Nearly every defined contribution plan sponsor now offers target-date funds in its participant investment menu, as these funds, often named for the year a participant expects to retire, eliminate the need for employees to construct their own investment portfolio. A recently released white paper about TDFs examines plan fiduciaries’ uncertainly regarding what TDFs should contain and illustrates the importance of disclosure.
Although TDFs are intended to make retirement investment easier, many DC plan fiduciaries are unclear about what exactly their chosen TDFs hold. This uncertainty comes from lack of complete and comparable disclosure among TDFs, says a white paper plan investment manager Manning & Napier released Sept. 10.
Plan sponsors know their fiduciary duty to select investments appropriate to meet the retirement savings needs of their participants, but they may not know how to examine TDFs in detail, according to this asset manager.

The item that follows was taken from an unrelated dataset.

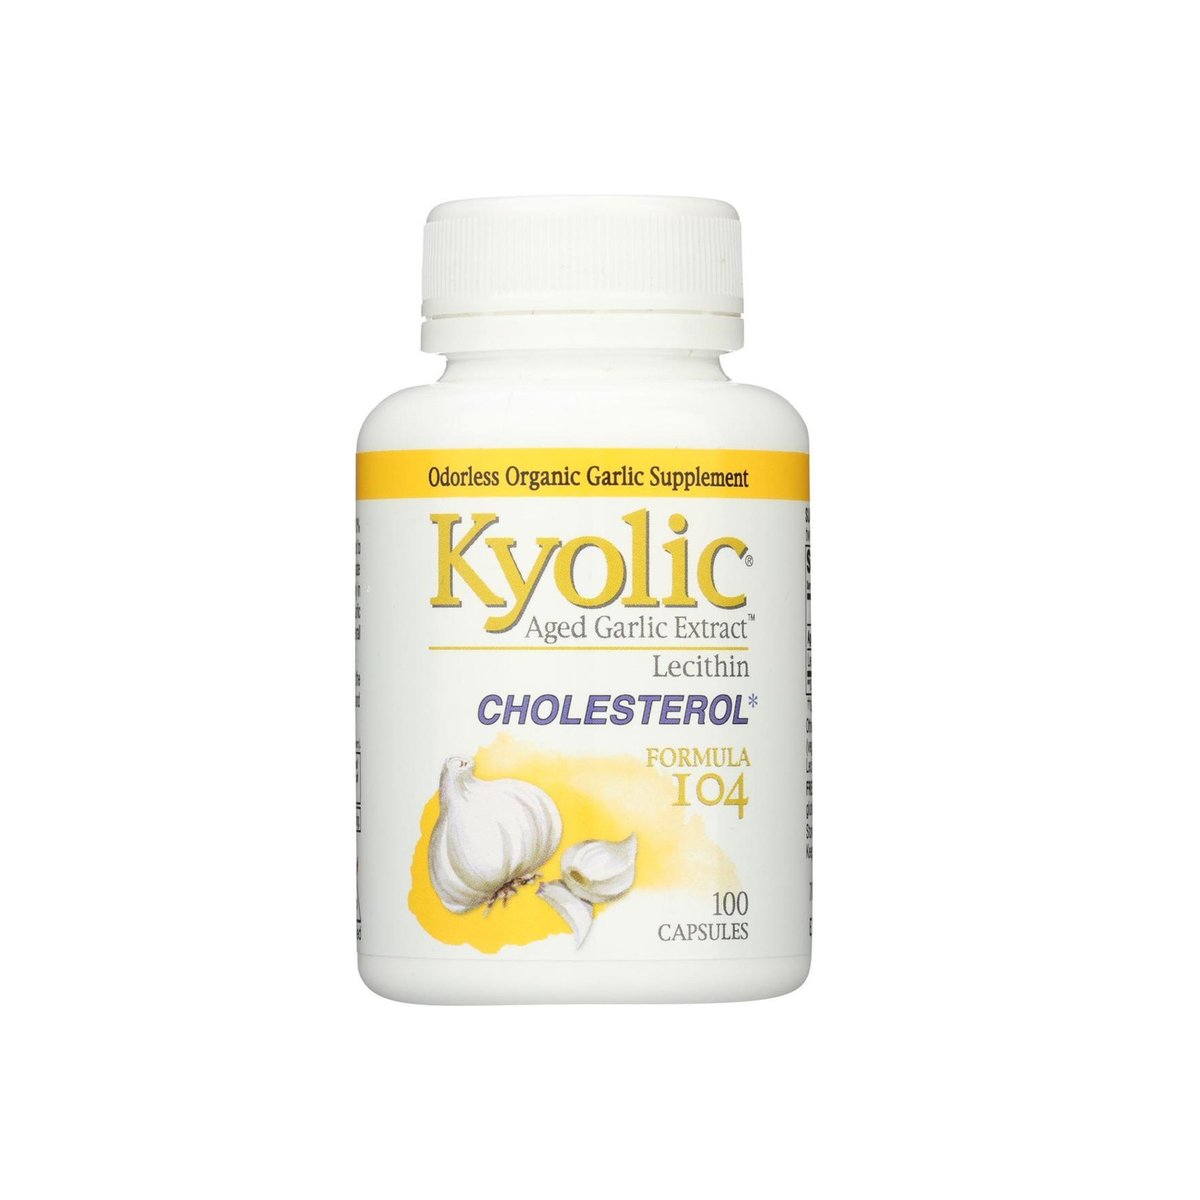 اشتري قم بشراء Kyolic Aged Garlic Extract Cholesterol Formula 104 100 Capsules Online at Best Price من الموقع - من لولو هايبر ماركت Vitamins&Supplements في الامارات

The paper outlines three key considerations for fiduciaries during their TDF due diligence process:
- transparency of the portfolio structure;
- portfolio management coordination; and
- possibility of overdiversification.
The basic tenets of plan sponsors’ fiduciary obligation, especially as it relates to qualified default investment alternatives, can’t be achieved without transparency, Manning & Napier says, so the firm suggests ways this investigation into TDFs’ construction can be improved for plan sponsors.
Background on TDFs
TDFs are funds with varied asset allocation that becomes more conservative as a participant nears retirement. They are labeled with a date that signifies when the participant investor is likely to retire. Many 401(k) funds have chosen to offer these types of “lifecycle funds” as the default investment option for participants. Surveys have found that participants like these choices for their DC retirement accounts but often do not understand well how they work.
At the end of 2012, assets in U.S. TDFs totaled more than $700 billion across mutual funds, collective investment trust funds and custom fund structures, the report says. Across vehicles, the value of assets in TDFs may surpass $1.5 trillion within the next decade, the firm says, likely making these investments the predominant source of retirement income for millions.
In February 2013, the U.S. Department of Labor released additional guidance for fiduciaries to follow for TDF screening and monitoring. The guideline that may pose the biggest challenge to fiduciaries is No. 3: “Understand the fund’s investments … and how these will change over time.” Criteria such as performance, fees, management and organization are always important. However, it is critical for the fiduciary to understand overall portfolio construction and underlying vehicles, along with the “glidepath” planned for the fund’s investment aggressiveness, to determine whether the investment process is prudent.
Even with standardized reporting and disclosure through regulatory filings or other sources, TDF products are still difficult to compare on a side-by-side basis because of differences in these factors.